4. Kesamaan pemahaman, communication and similiarity are positively related. Meski tidak
dipungkiri bahwa setiap individu pasti memiliki perbedaan satu sama lain, namun hal tersebut
sangat mungkin untuk diminimalisir. Mulai berfokus pada penyelesaian masalah dan bukan pada
perbedaan ataupun mengungkit kesalahan masing-masing. Dengan adanya komunikasi,
permasalahan yang ada dalam sebuah keluarga dapat dibicarakan dengan menentukan solusi
terbaik.
5. Kemitraan seimbang, yakni suami dan istri membagi waktu dan aktivitas dengan saling
mendukung/membantu pekerjaan rumah tangga, termasuk dalam mendampingi anak
menjalankan aktivitas belajar dari rumah.
6. Sering memuji dan menenangkan pasangan, yakni perbanyaklah saling ucapan sayang dan
segera minta maaf apabila ada keselahan atau pasangan kurang berkenan.
7. Mengubah gaya hidup keluarga, yakni menjalankan kehidupan yang lebih sederhana dengan
cara melakukan penghematan semua pengeluaran dan hindari pemborosan.

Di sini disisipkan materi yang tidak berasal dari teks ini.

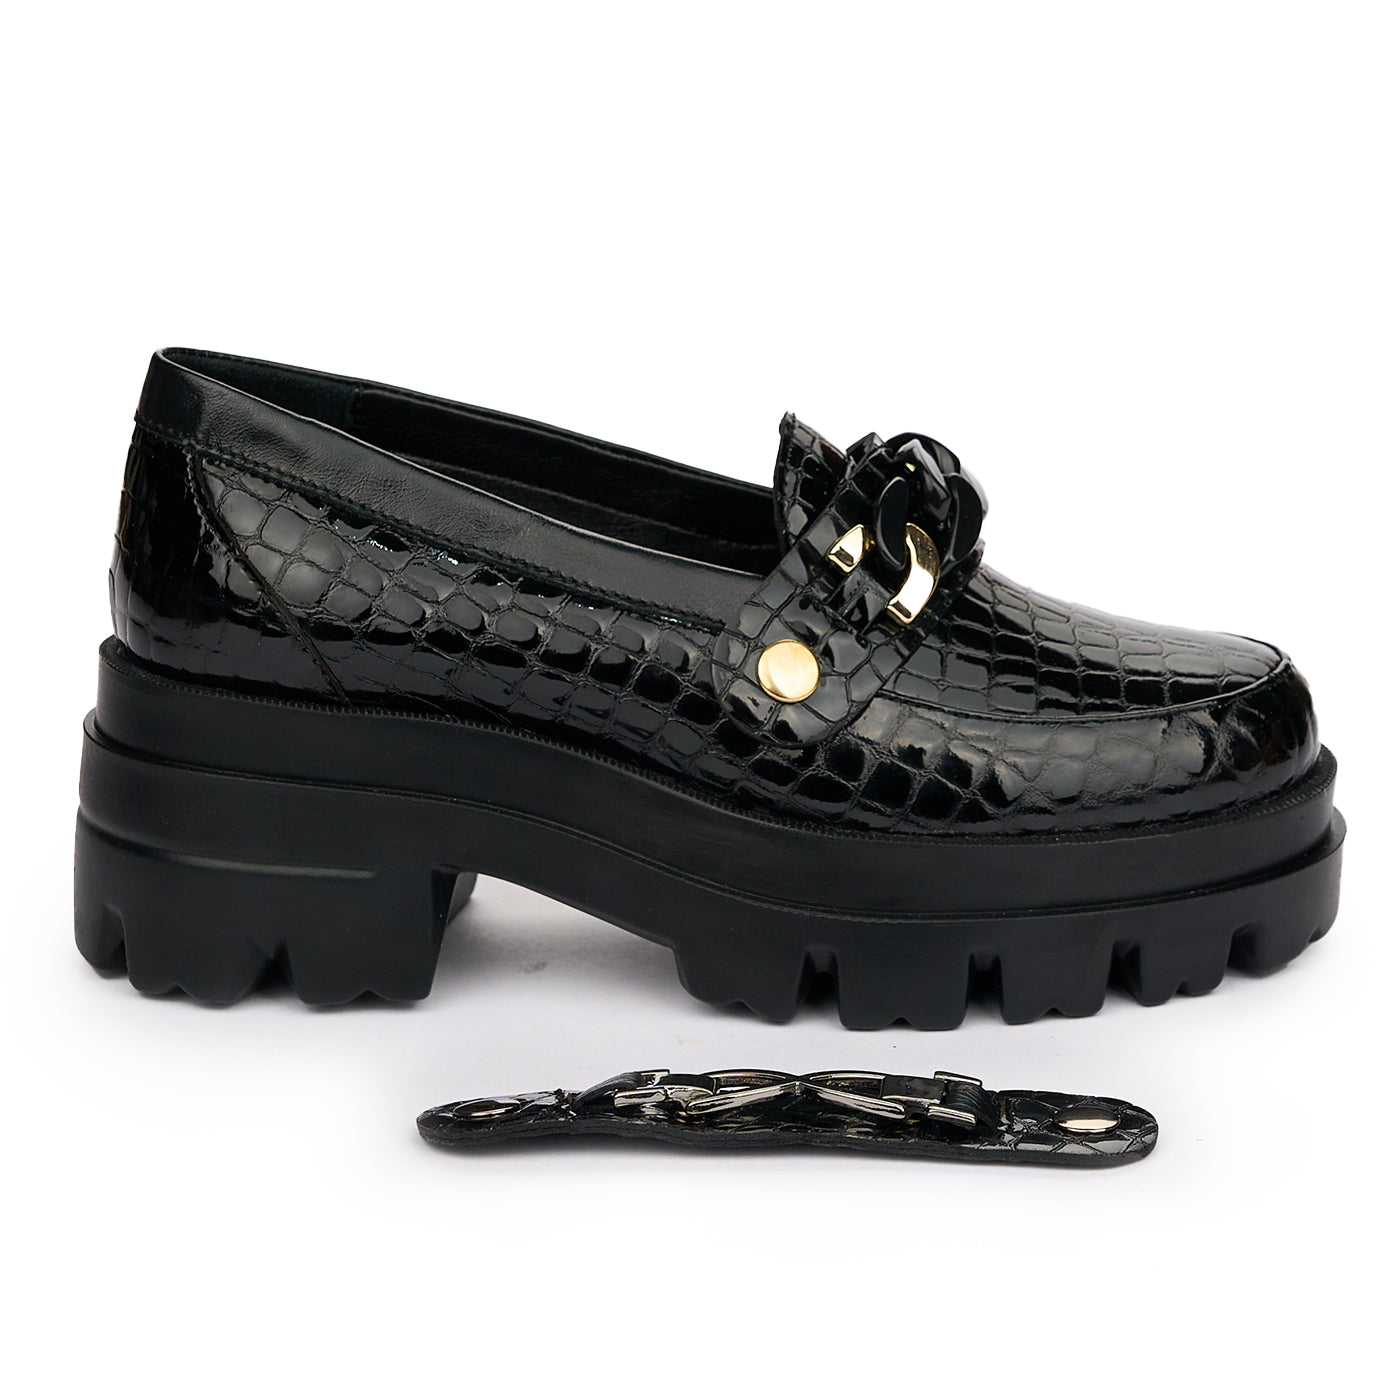 Pantofi dama cu doua accesorii din piele naturala neagra 12861

8. Jangan abaikan keluarga, yakni jangan abaikan kepentingan anak dan pasangan. Apabila anak
menangis dan butuh pertolongan berhenti sebentar aktivitas pekerjaan anda dan segera tolong
anak, dan kemudian kalau anak sudah nyaman anda dapat melanjutkan pekerjaan, atau bisa juga
bekerja di dekat anak. Atur jadwal bersama anggota keluarga.
9. Mengola waktu dan aktivitas, yakni atur waktu dan aktivitas sebaik mungkin. Ada kegiatan
individu dan ada kegiatan Bersama keluarga. Untuk menghilangkan kejenuhan, maka ciptakan
waktu pribadi untuk kegiatan individu yang disukai dan disepakati bersama.